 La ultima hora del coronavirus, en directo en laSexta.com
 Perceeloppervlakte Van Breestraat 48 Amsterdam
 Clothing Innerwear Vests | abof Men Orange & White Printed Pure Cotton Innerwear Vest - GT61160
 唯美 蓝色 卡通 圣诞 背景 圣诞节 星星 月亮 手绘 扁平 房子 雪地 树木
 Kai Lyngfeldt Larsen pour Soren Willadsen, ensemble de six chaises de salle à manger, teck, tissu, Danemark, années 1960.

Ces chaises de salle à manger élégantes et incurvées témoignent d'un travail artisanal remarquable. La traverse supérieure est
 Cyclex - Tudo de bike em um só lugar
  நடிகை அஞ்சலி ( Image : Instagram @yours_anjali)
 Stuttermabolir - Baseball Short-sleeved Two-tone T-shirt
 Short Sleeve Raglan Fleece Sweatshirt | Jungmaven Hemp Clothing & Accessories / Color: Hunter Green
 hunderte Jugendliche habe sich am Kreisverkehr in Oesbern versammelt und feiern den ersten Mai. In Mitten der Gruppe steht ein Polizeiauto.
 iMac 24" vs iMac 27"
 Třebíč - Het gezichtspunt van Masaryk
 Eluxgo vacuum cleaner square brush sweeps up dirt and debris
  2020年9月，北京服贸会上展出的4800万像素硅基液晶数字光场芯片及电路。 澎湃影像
-.-.-
◆ ASSIGNMENT
Look for the word "chaises". Copy out every line of the data that has it.

◆ ANSWER
 Kai Lyngfeldt Larsen pour Soren Willadsen, ensemble de six chaises de salle à manger, teck, tissu, Danemark, années 1960.
Ces chaises de salle à manger élégantes et incurvées témoignent d'un travail artisanal remarquable. La traverse supérieure est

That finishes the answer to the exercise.